The basic premise of most such development schemes is the idea of creating what is sometimes called a "growth pole." This is based on the finding of economic geography that firms benefit from proximity to other successful firms. Economically successful regions arise because firms generate beneficial externalities that other nearby firms can take advantage of -- they foster a pro-business political climate, they produce a trained pool of labor, they share the costs of infrastructure improvements, and so forth. One of the most important of these effects is economic linkages. The most commonly described type of linkages are based on product flows. For example, a successful steel plant will foster the growth of "downstream" industries like car manufacturers that use the steel, as well as "upstream" industries like steelmaking equipment manufacturers that produce things the steel company needs. Another type of linkage is a "fiscal" linkage. A fiscal linkage occurs when some entity -- often a government -- takes a portion of the company's profits and reinvests it in another enterprise.
Mining linkages are predominantly fiscal. Mining companies have been generally unsuccessful at generating upstream and downstream linkages, for a variety of reasons I won't go into at the moment. Casinos work likewise. Generally a casino is a self-contained resort complex, meaning there's little opening for additional related enterprises to accrete around it. Instead, tribes take their casino revenues and reinvest them in things like community services, other enterprises, and payouts to tribe members.

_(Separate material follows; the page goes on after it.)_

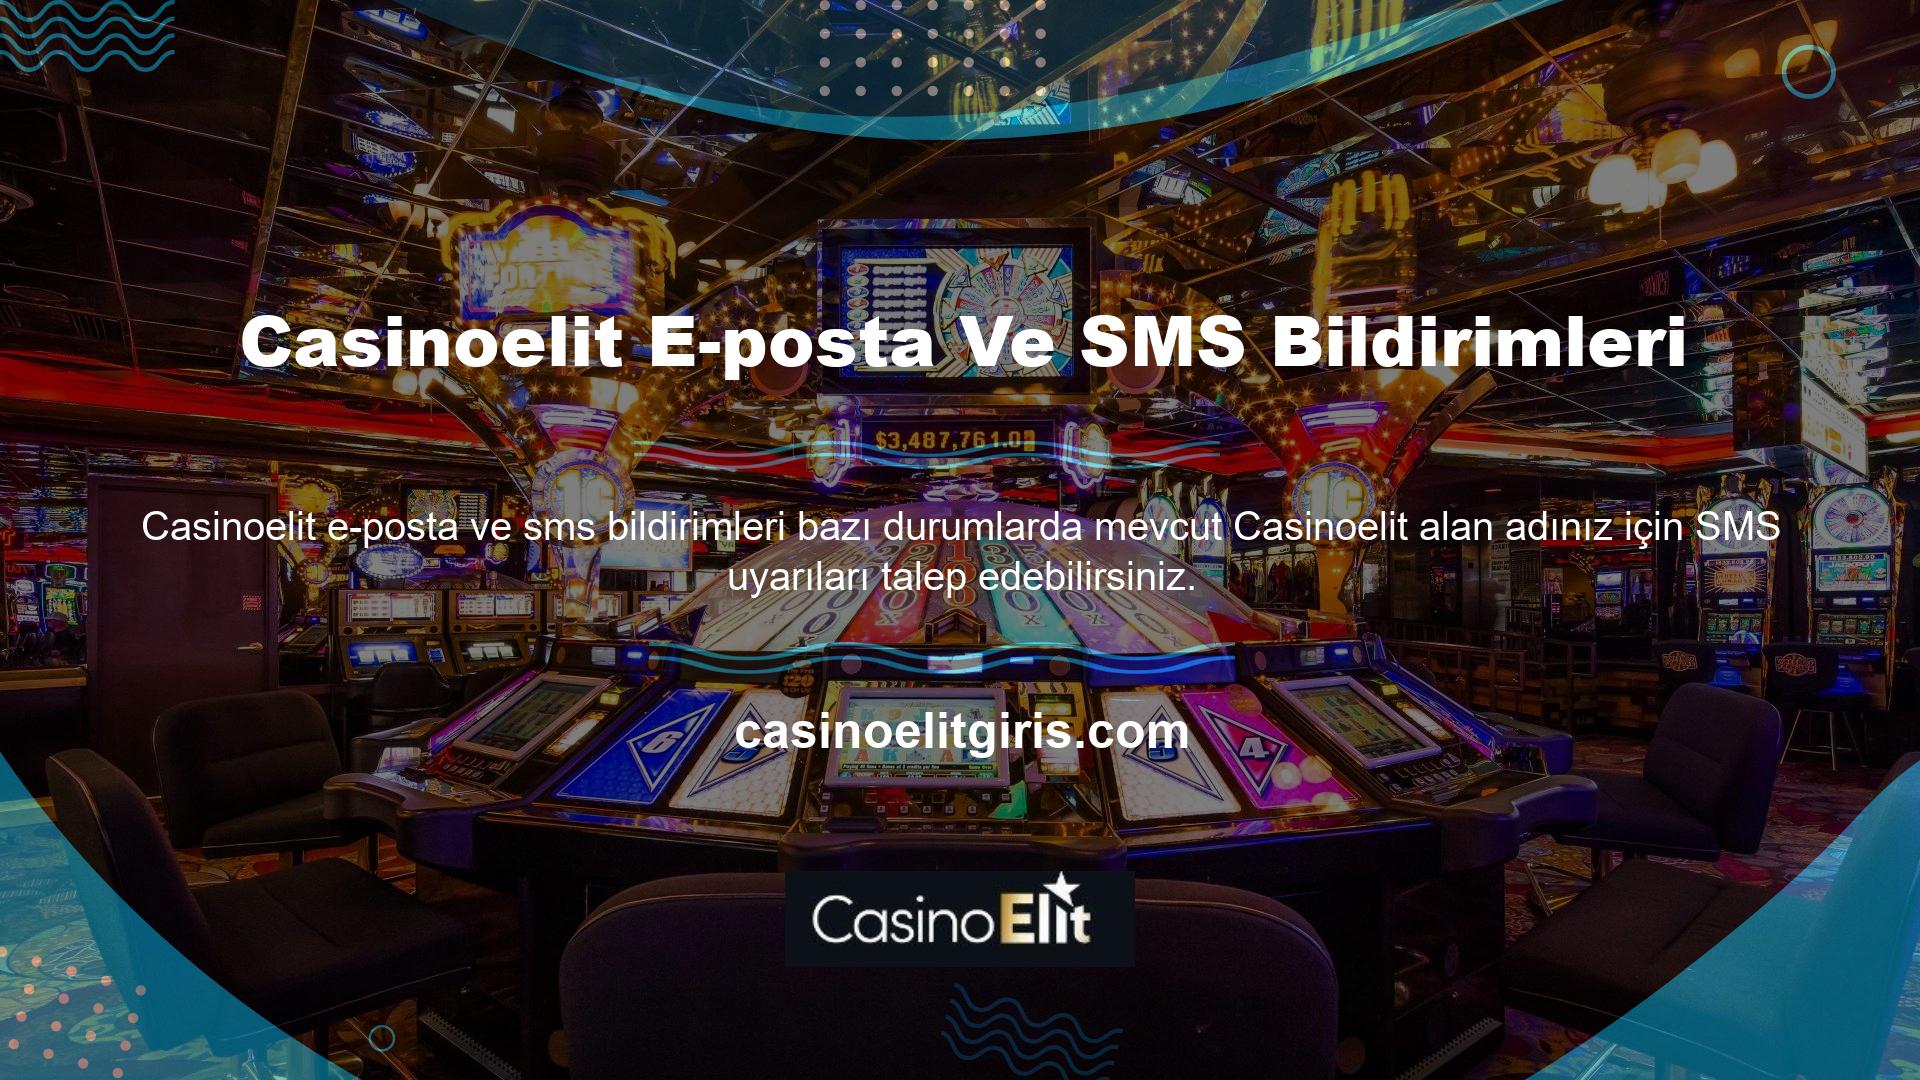 Türk Casino ve Casino Daha önce de belirttiğimiz gibi Casinoelit Türk Bahis ve Casino'ya kaydolmanın ilk adımı mevcut web sitenizin adresini girmektir

The artificiality of fiscal linkages is one problem. Because there's no economic interrelatedness to dictate what other enterprises will benefit from the linkage (as is the case in upstream and downstream linkages), fiscal linkages are more susceptible to manipulation. Corrupt and nepotistic use of mining revenues is a widespread problem in developing countries. Compounding this problem is the centralization of the money. Mines and casinos are typically single large enterprises, meaning the profts are concentrated in a few hands. This centralization continues when the government takes its cut. This centralization of money leads to a centralization, and hence focused use, of power. This is what has led tribes with casinos to gain more political clout. But it has also led to tribal leaders abusing their power within the tribe, since tribe members are at the mercy of those who control the casino's revenue stream. As I understand it, this kind of problem has plagued the Oneida Nation since the opening of Turning Stone Casino, as many of the out-of-power traditionalist faction feel that they have been greatly wronged by the Nation's leaders.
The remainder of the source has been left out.